Beyond it, obscured, barely visible, Howl’s expression morphs from rage to fear, the deepest fear he’s ever shown. It stretches his skin and drains his face pale.
If there’s such a thing as a moment within a moment, I use it for my last thought.
Baelen will kill you when I’m dead.
27
A gray curtain shoots up in front of me, thick webbing lighting up green as the bolt strikes it from the other side. Another protective curtain shoots up behind me. Wings… wings…
Cassian let them unfold as he fell, using the strength of my push to trigger his reflex to extend his wings at the exact moment that I pushed him away.
No! Cassian!
The death bolt strikes Cassian’s wing and shrieks through his wing bones, lighting them up green, sizzling through them to his shoulders, chest, arms, legs, and up into his head.

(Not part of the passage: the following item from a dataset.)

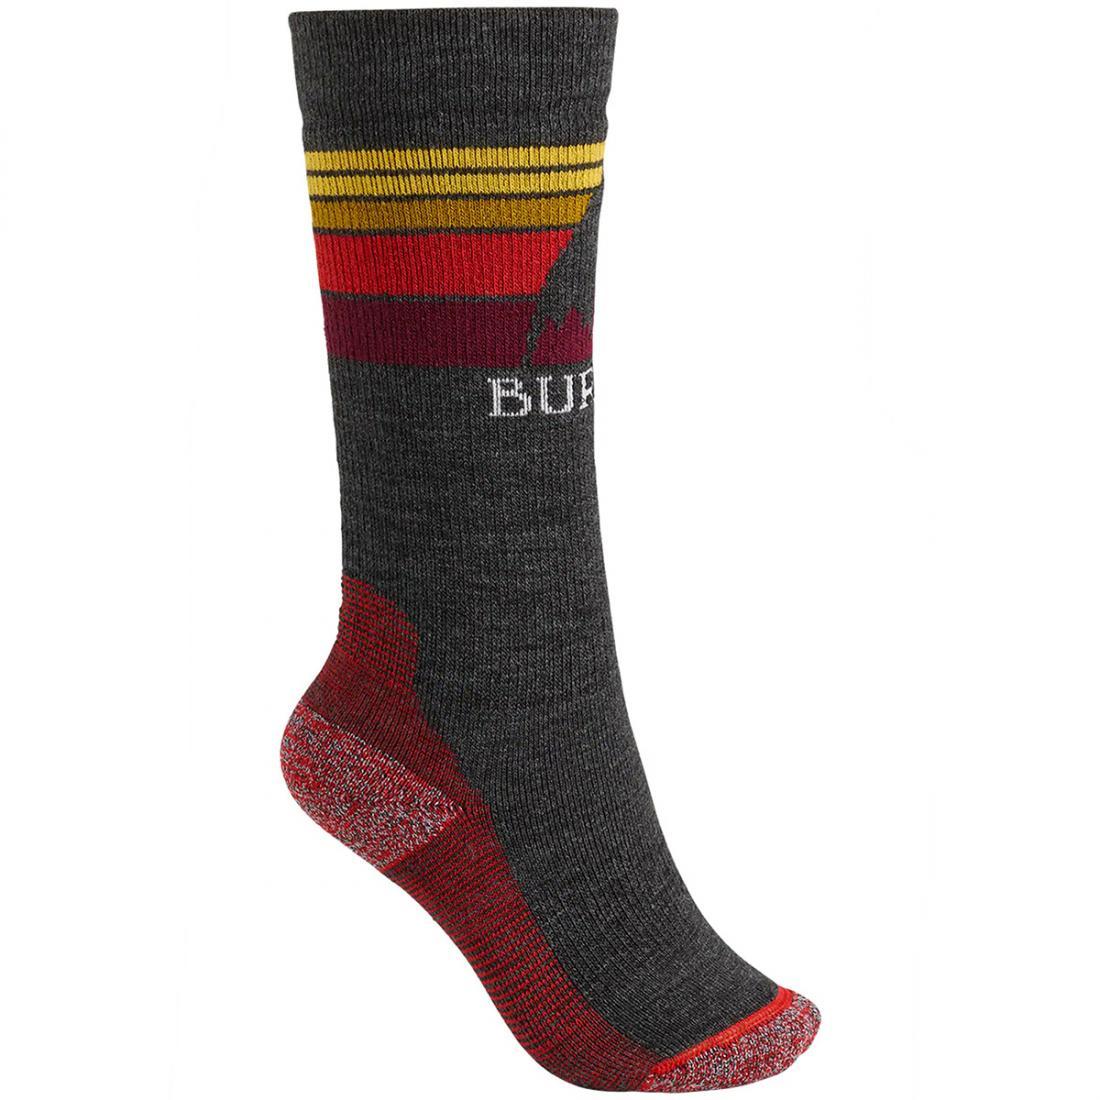 Детские сноубордические носки Burton Emblem Midweight  купить в Boardshop №1

He hits the floor with a crack, his back arched over his satchel, the smash of breaking wood filling my ears.
The light vanishes. The bolt met its mark.
“Cassian!” Damn his massive wings. No other gargoyle could have done what he did, using his wings to shield me and take the bolt himself.
I drop to his side, grasping at his torso, sliding my hands behind his back, trying to pull him up. He’s heavy, all bulky muscle. He shudders against me. He’s hurting. Badly. His eyes are shut, but he’s still breathing. Gasping for breath.
“Cassian… no….” I have to get him out of here. Tears of fright replace my shock. I don’t know what I can do to stop the death that’s coming, but I have to try. “Somebody help me!”
Jasper is closest to me, but as soon as he tries to get to me, three big guards step into his path, jeering at him and me. They heard my cry. They know what they’re doing, blocking Jasper from helping me. I memorize their faces, because I’ll be coming for them soon.
For now, I’m on my own. With a scream of effort, I pull Cassian’s bulky torso into my arms, his wings flopping to the ground behind him, a dead weight pulling him backward. It takes me too long to snatch and grab them forward, using their weight to keep him leaning against me and in the meantime, he’s trying to speak.